There are a lot of reasons, actually. First and most obvious is the audiovisual stimulation that comes with playing a video game. I mean, who doesn’t want to actually see their character represented in a beautifully rendered game world? A world they can fully explore with other players. The control a game master has in a tabletop game can make for some awesome stories, however, you have other limitations such as the amount of people who can play, how many scenes can be occurring simultaneously and how much content the game master can pump out. Not to mention the fact that you have to get everyone together to play.

In an MMO you can jump into the game at any time and get as immersed into it as you want. Once ESO comes out Tamriel will always be there, a world that exists even when you aren’t playing in it. However, there are still a few things in MMOs which roleplayers have to suspend our disbelief of. After all, the developers can’t include everything.

Some of these are simple, like the food and drink. Obviously they aren’t going to include every single type of food a person living in Tamriel could eat. When you consider how much variety of food and drink there is in real life the seemingly large amount of tasty consumables in lore seems tiny. It’s common sense to assume that there are other meads out there besides the handful of examples we have from the TES games. Likewise, just because they don’t include bananas as an item in the game doesn’t mean they don’t exist in Tamriel.

People figure out small things like that pretty quickly. Most of us have been into gaming long enough to know that suspension of disbelief is necessary. In-game books, for example. I’ve seen several Elder Scrolls books which indicate they only show a segment of the ‘actual’ book. I don’t think Tamriel is full of leather bound, six page pamphlets on Imperial history and the bookstores probably don’t sell short stories one chapter per volume. In my opinion, this is a space our imaginations are required to fill.

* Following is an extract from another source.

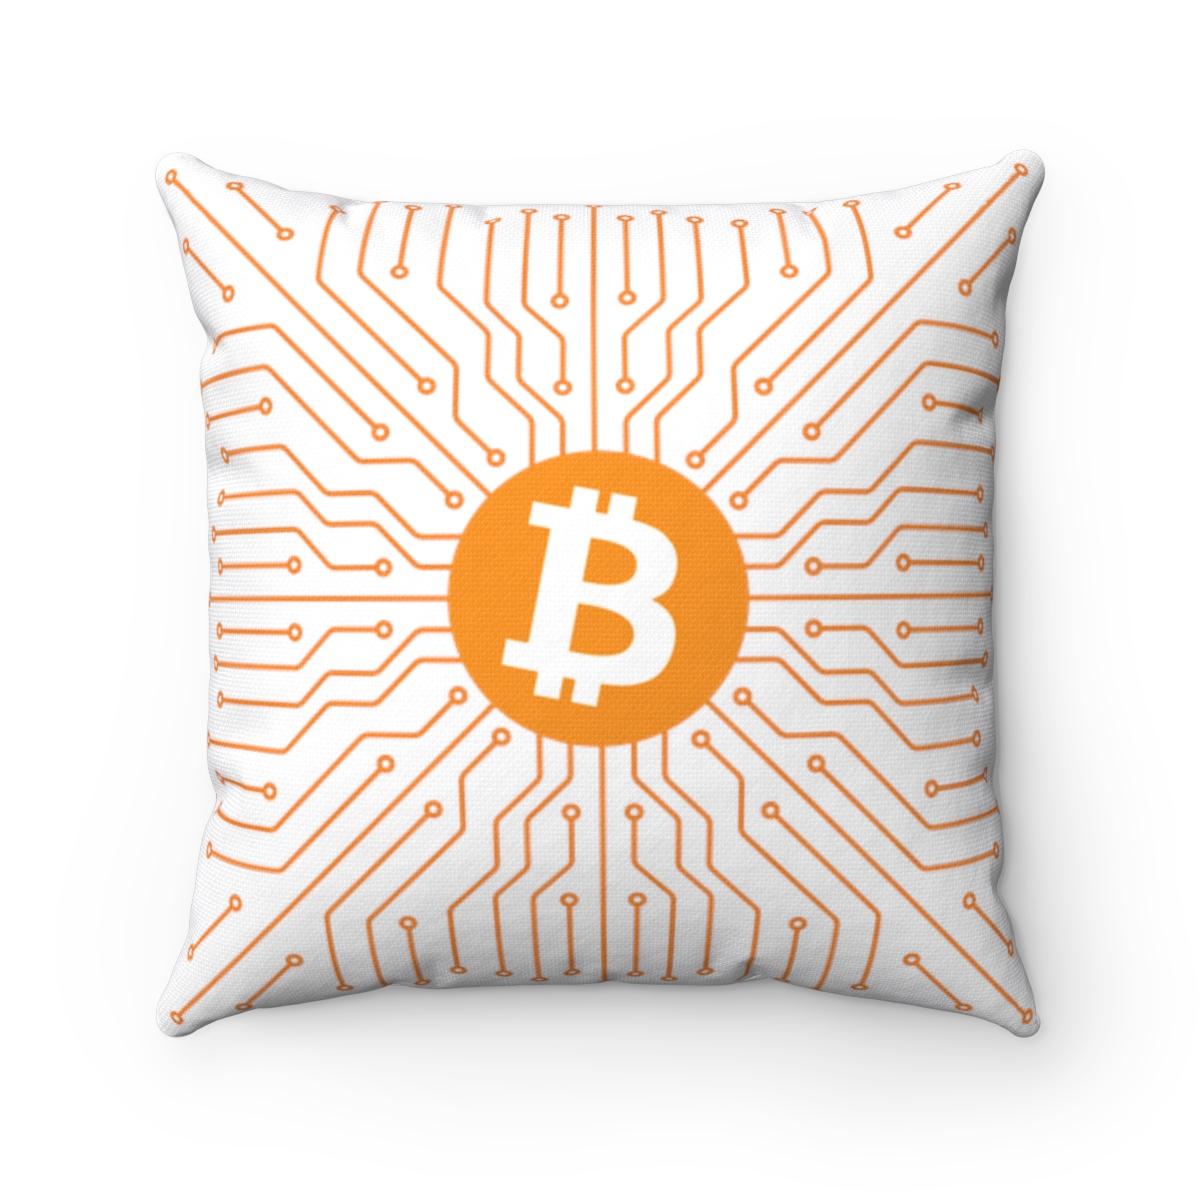 Bitcoin Square Pillow

I always imagine that I’m just getting a snippit of the actual volume when I read an in-game book.

The amount of books in the TES games is so impressive. You could spend as much time reading as you could adventuring if you wanted to. I love it! It’s one of the things things that really made me fall in love with these games. But I always try to make my fantasy as realistic as possible, and while 300-400 books is really impressive for a video game, it would be meager if Tamriel was a real place.

To me, this means it is up to the RPers to fill the spaces between. Like emoting that your character is eating a banana (despite them not being in the game) I see it as not only okay, but expected for us to RP that other books exist. My character might be sitting under the shade of a tree reading a novel about the Dwemer returning to conquer Tamriel, even though no such fiction exists in the game. I don’t see that as a problem, after all the imaginations of the mortals of Tamriel are just as vibrant as our own, right?

I can’t imagine anyone would oppose such small additions of our own little flavor to the universe as long as it’s realistic and doesn’t break lore.

What about something bigger than food and books? Something that actually affects your gameplay experience? I’m talking about distance, the true size of Tamriel. Skyrim the game is sixteen square miles and it’s huge! As an aside, this is actually something I’m kind of concerned about as we anticipate ESO’s release. That’s a lot of space to fill with content. Even recreating that sixteen square miles seems like an undertaking, much less the rest of the continent.

But even as big that is for a video game, some people don’t realize how small sixteen square miles is in real life. I live in a town that’s 23 square miles with a population of some 67,000. Are you telling me that the entire province of Skyrim and most of the Nord race can fit into a region smaller than an average American town? I don’t think so, but the developers obviously can’t build a whole continent.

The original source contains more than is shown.